Karry menatapnya beberapa saat, namun kemudian ia mengalihkan perhatian.
"Apa ibuku sudah tahu kau sudah sampai?"
Jackson mengerling ke arahnya sebelum beralih pada Karry. "Sudah. Aku sudah menghubunginya waktu turun dari Jassy."
"Jassy?" Karry mengerutkan alis, menatap Jackson bingung.
"Mitsubishi Jazz XX1-ku. Astaga, jangan norak, Karry."
Karry menjawab dengan decihan remeh. "Kau membawa mobilmu ke New York?"
"Tidak. Aku sudah membelinya beberapa bulan yang lalu. Tahu, kan aku sangat suka mobil seksi semacam Jazz? Aku tidak ingin ketinggalan yang satu ini ketika tahu tidak disebar luas ke Taiwan," ujar Jackson.
Charlotta tenggelam dalam kecamuk pikirannya, sementara perbincangan Karry semakin dalam.
"Sudah tahu Cindy juga ada di sini?"
Jackson tersenyum begitu lagi. Membuat degup jantung Charlotta mendesir tanpa ijin. Konyol, padahal itu bukan senyum untuknya.
"Justru aku tahu keberadaan Charlotta Smith darinya." Jackson menoleh sekilas ke arahnya. Antara ingin tersenyum dan terkejut menjadi satu. Charlotta merasa bibirnya mengkaku di senyum setengahnya. Ia memutar bola mata ke arah Karry yang juga menatapnya tenang.
Sebelum menjawab, Karry sempat membenarkan posisi simpul dasinya. "Jangan bilang kau juga tahu tentang perjodohan..."
Alis Jackson di naik-naikkan beberapa kali, kemudian tertawa pelan.
Oh, Tuhan. Makin lama duduk di sebelahnya begini dia bisa banjir keringat.
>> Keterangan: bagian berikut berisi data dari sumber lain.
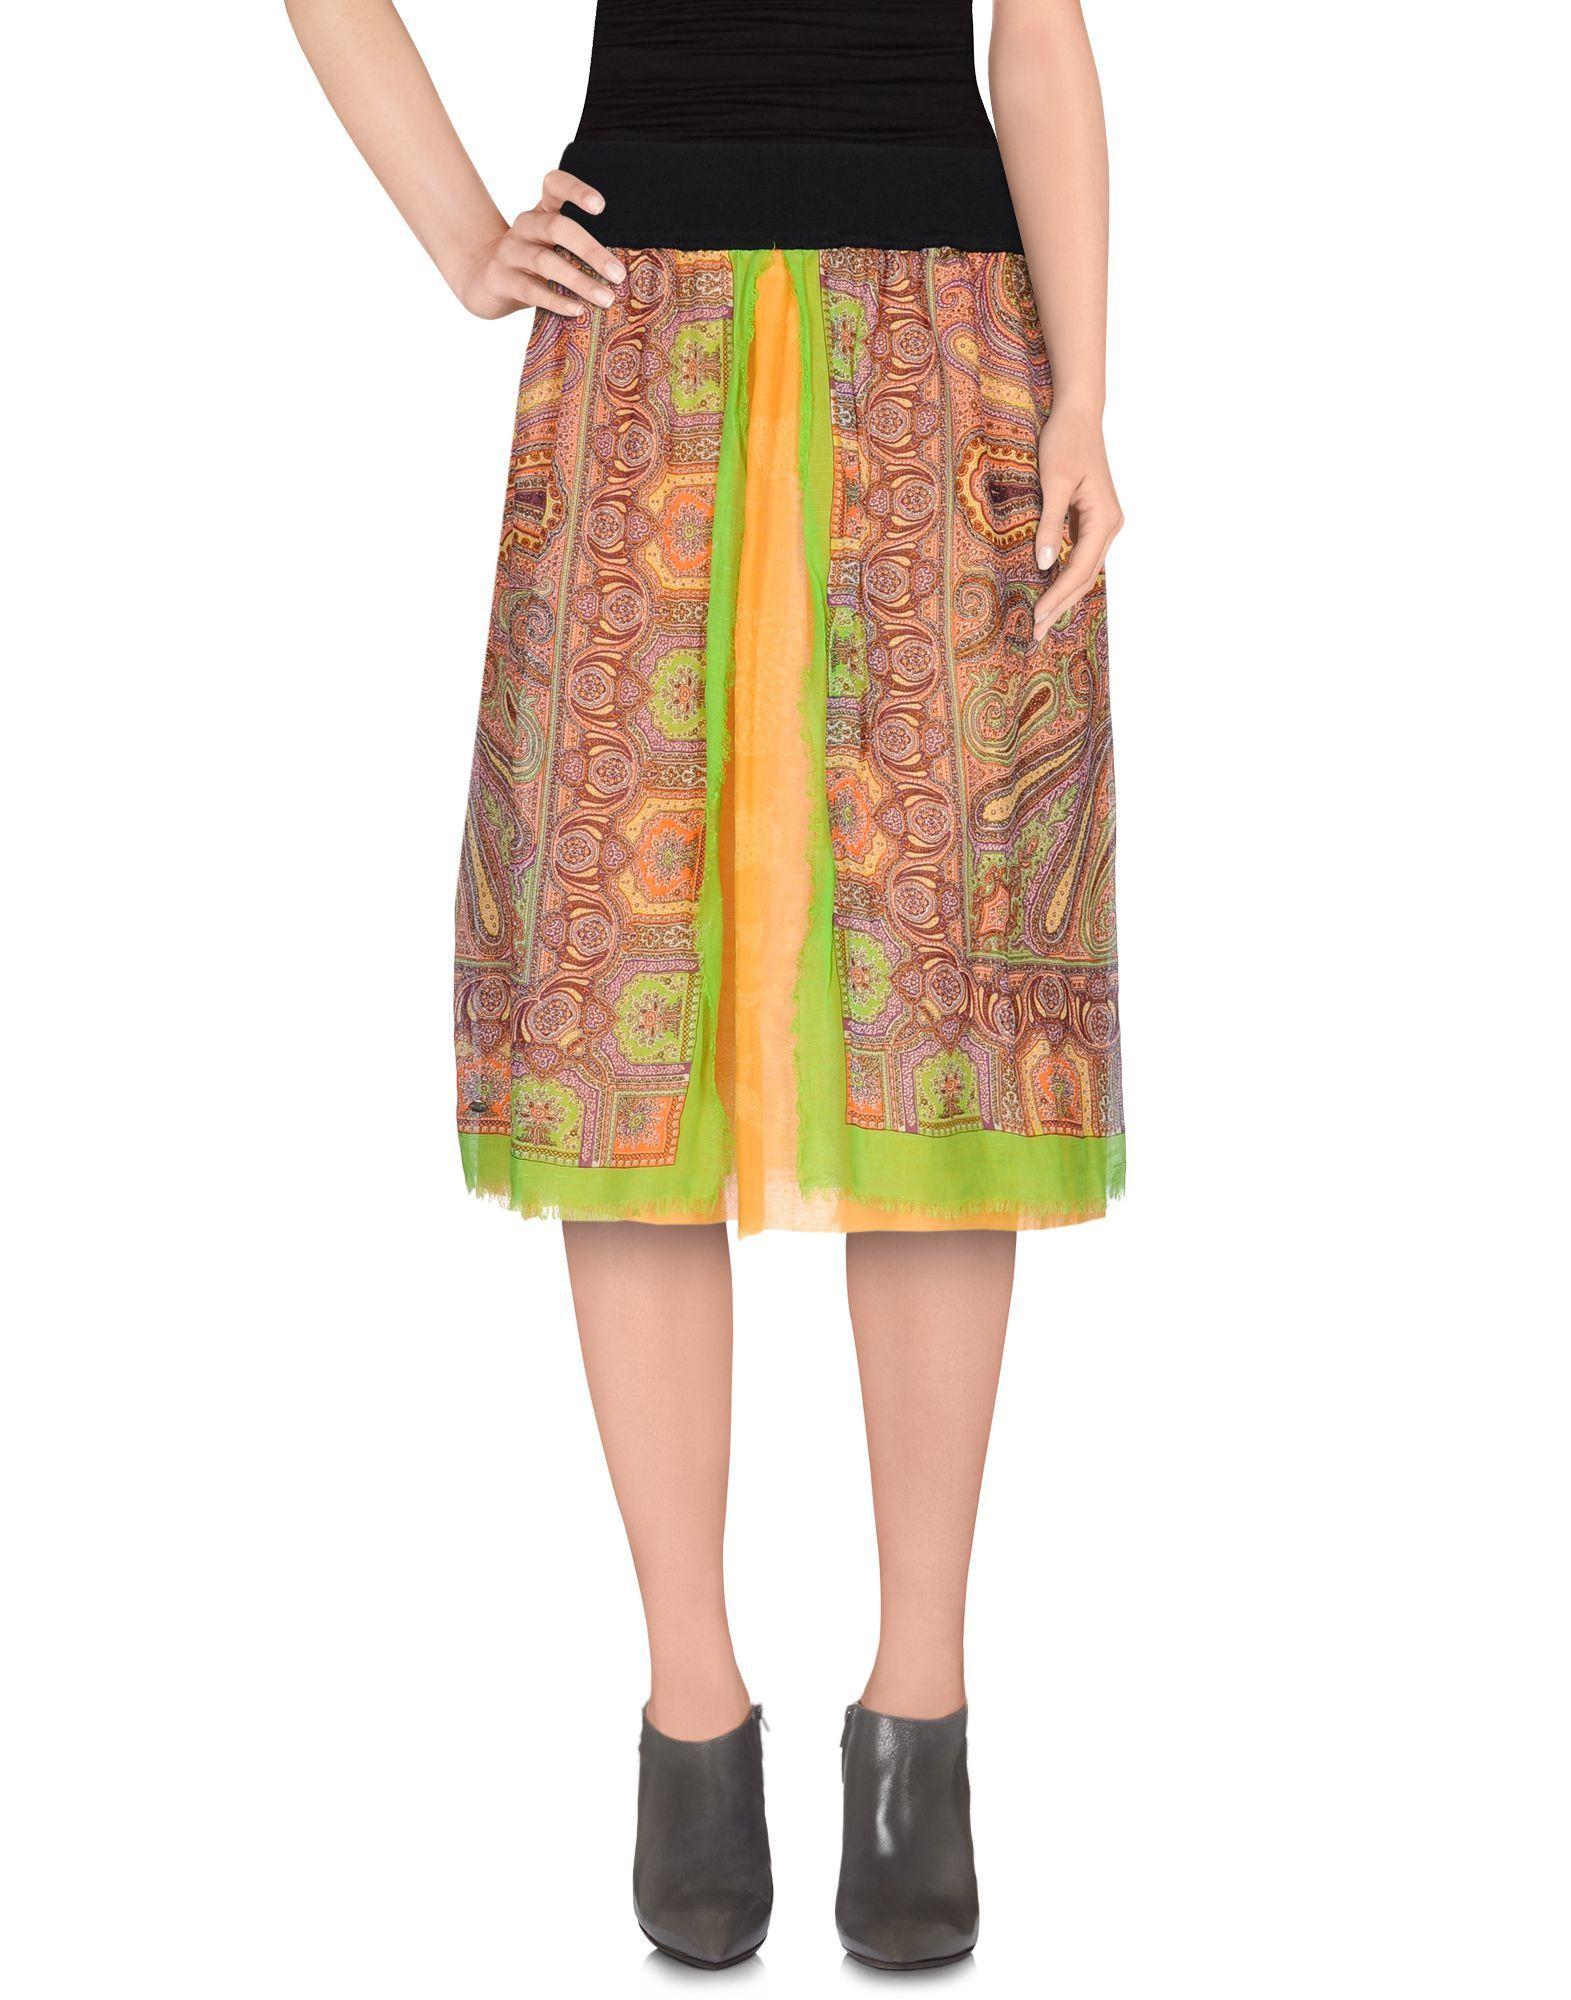 Rosamunda Women's Orange Knee Length Skirt

"Lucu sekali ketika tahu kalau Cindy dan kau dijodohkan. Bukankah itu bagus? Kalian bisa kembali bahagia seperti waktu kecil!" ucap Jackson mengerucutkan bibir Charlotta.
"Hey, di sana ada kekasihku. Hargai dia sedikit."
"Hm, apa dia benar-benar kekasihmu?"
Mata Charlotta membulat, ingin berkata tapi suaranya ditolak mata Karry yang melotot ke arahnya. Alisnya sedikit mengerut, memberi kode. Oke, paham. Charlotta jangan gegabah. Mungkin Karry ingin membeberkan hubungannya pada Jackson.
"Dia kekasihku."
Terdengar Jackson mengerang kecewa. Charlotta sedikit bingung dengan reaksi itu. Tapi kemudian Karry bersuara, "perlu kau tahu, perasaanku dengan Cindy sudah berubah."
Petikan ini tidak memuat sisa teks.